Forward-looking statements and risk factors

This document contains forward-looking statements that involve a number of risks and uncertainties. Statements that are not historical facts, including statements regarding our expectations, hopes, intentions or strategies regarding the future, are forward-looking statements. Forward-looking statements are based on management’s beliefs, as well as assumptions made by management and information currently available to it. Because these statements are based on expectations about future financial and operating results and are not statements of fact, actual results may differ materially from those projected. We undertake no obligation to update any forward-looking statements, whether as a result of new information, future events or otherwise.
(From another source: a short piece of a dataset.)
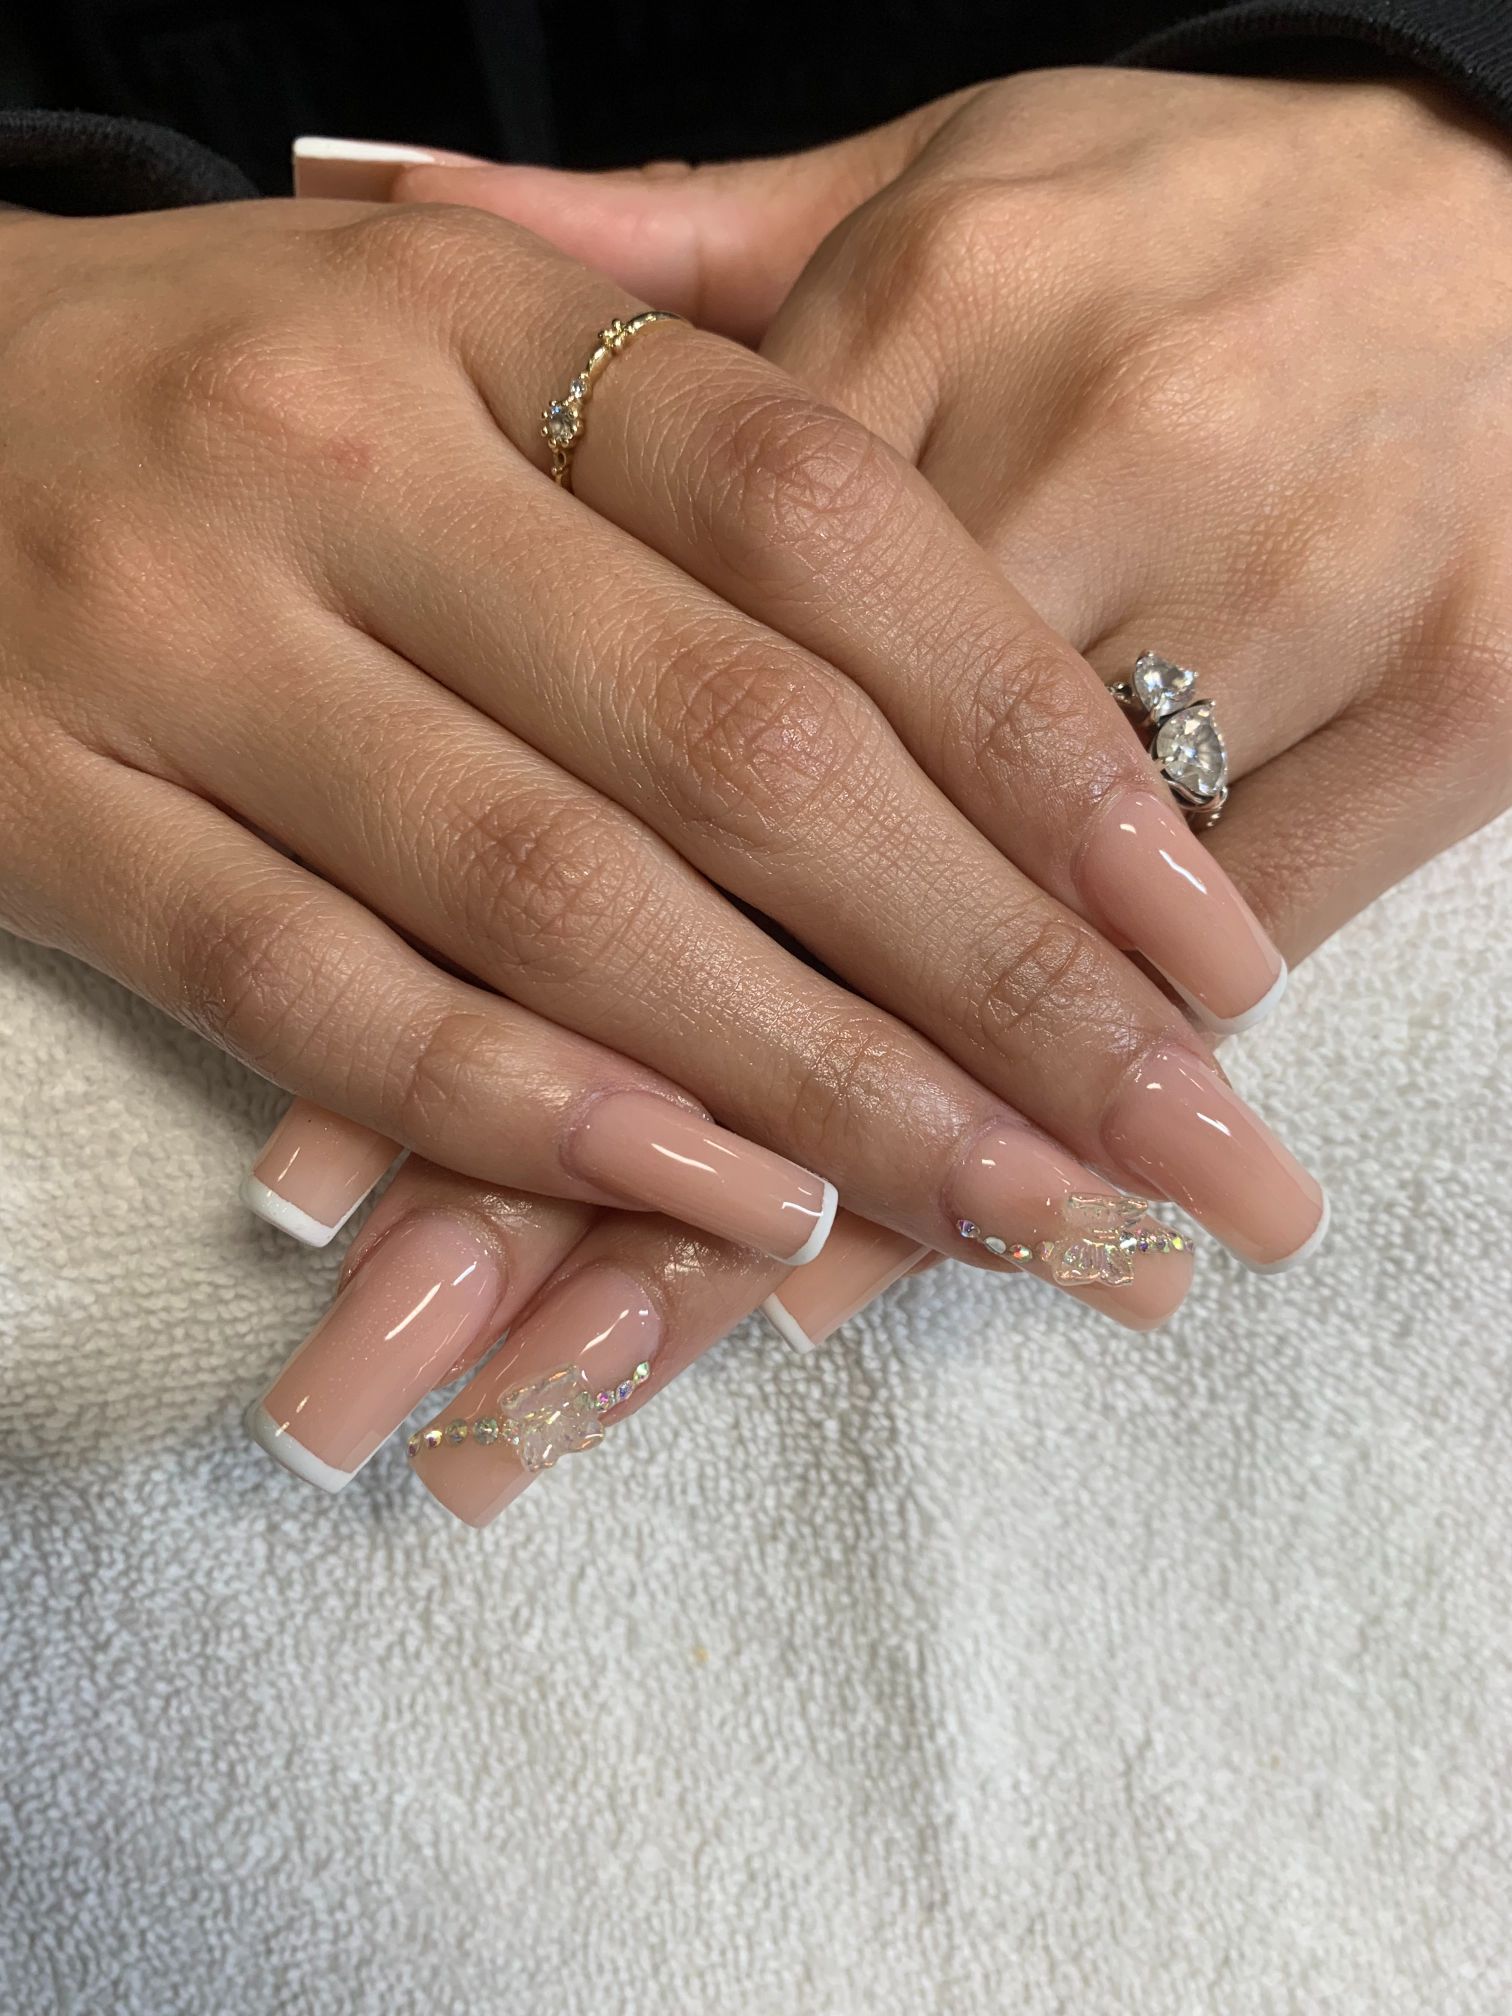 Nailtique - Beautiful Manicures and Pedicures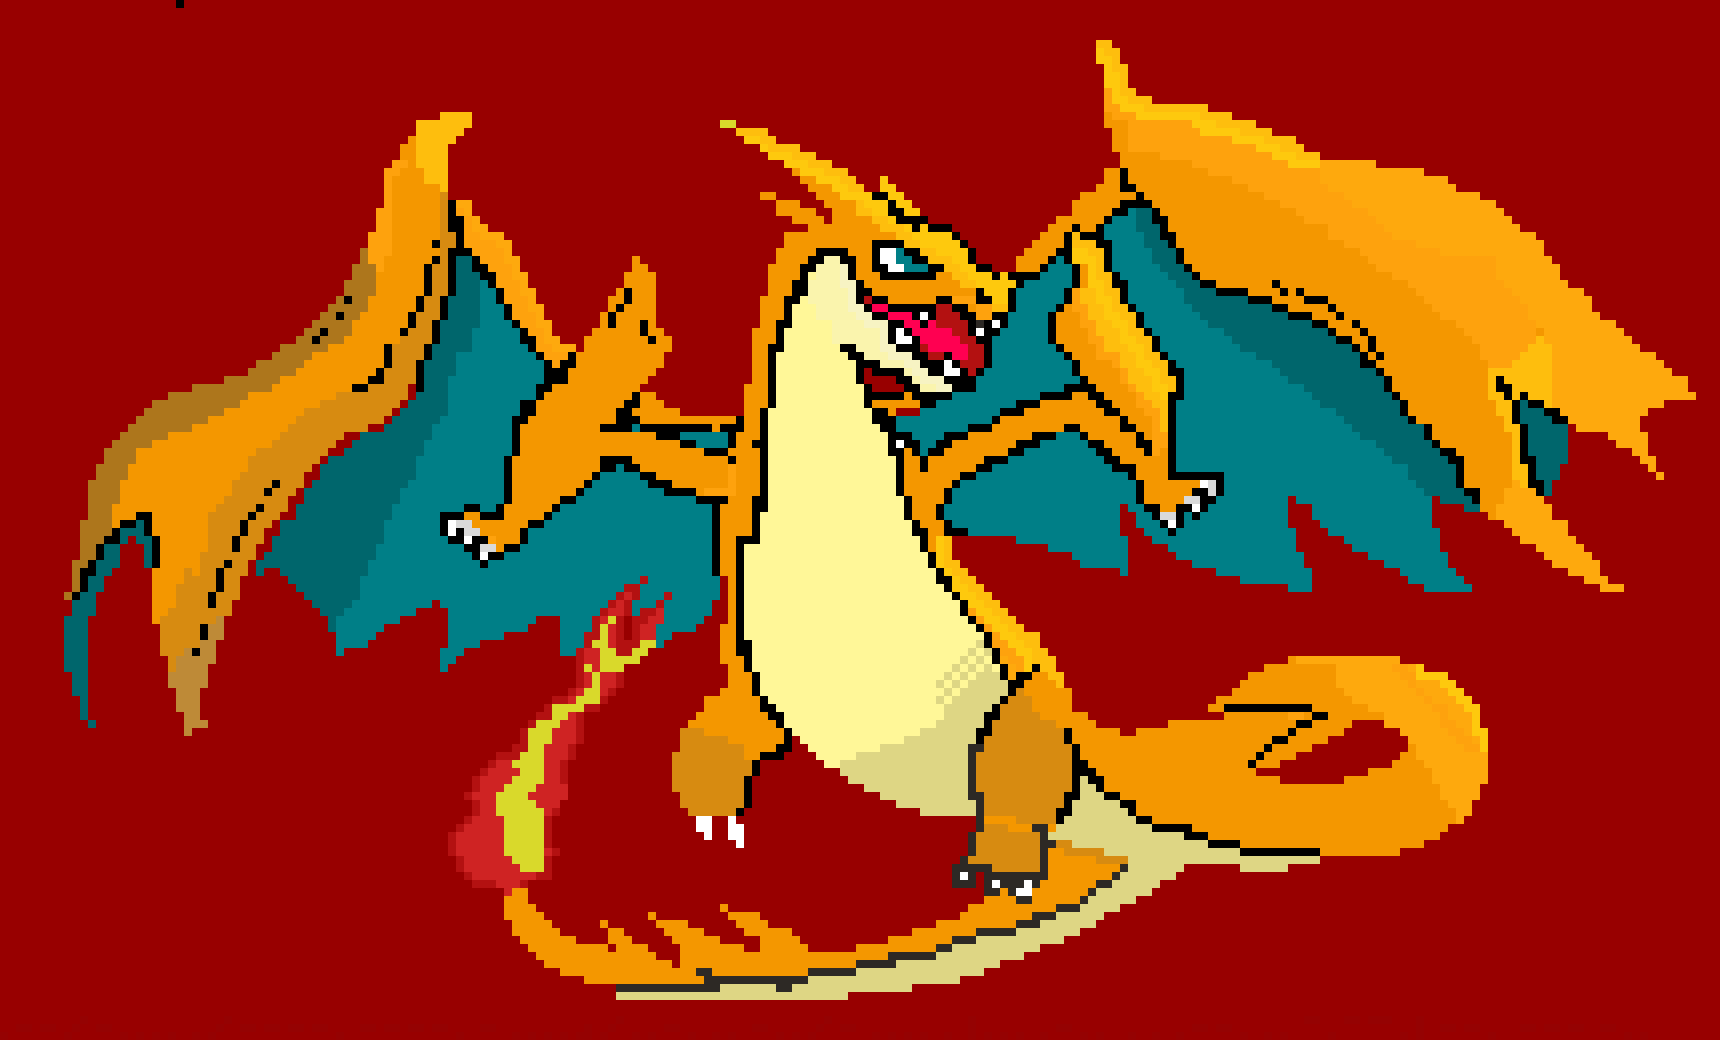 mega-charizard-y-my-final-pixel-art-for-the-year-and-a-goodbye-in-comments

The risks and uncertainties to which forward-looking statements are subject include, but are not limited to: changes in general economic, business and political conditions, changes in financial markets and changes in conditions resulting from the outbreak of a pandemic, such as as the novel COVID-19 (“COVID-19”); the overall impact of the COVID-19 outbreak and measures to curb its spread, including the effect of governmental or voluntary mitigation measures such as business closures, social distancing and restraining orders home ; our potential inability to find suitable acquisition candidates, acquisitions in industries that will not necessarily be limited to our traditional areas of focus or difficulties in integrating acquisitions; the significant competition that our operating subsidiaries face; compliance with extensive government regulations of our operating subsidiaries; risks associated with our spin-off from Fidelity National Financial, Inc., including limitations on our strategic and operational flexibility related to the tax-exempt nature of the spin-off and the Investment Company Act of 1940; risks and uncertainties related to the success of our outsourcing.

This document should be read in conjunction with the risks detailed in the “Statement Regarding Forward-Looking Information”, “Risk Factors” and other sections of the Company’s Form 10-Q, 10-K and other documents filed with the Securities and Exchange Commission.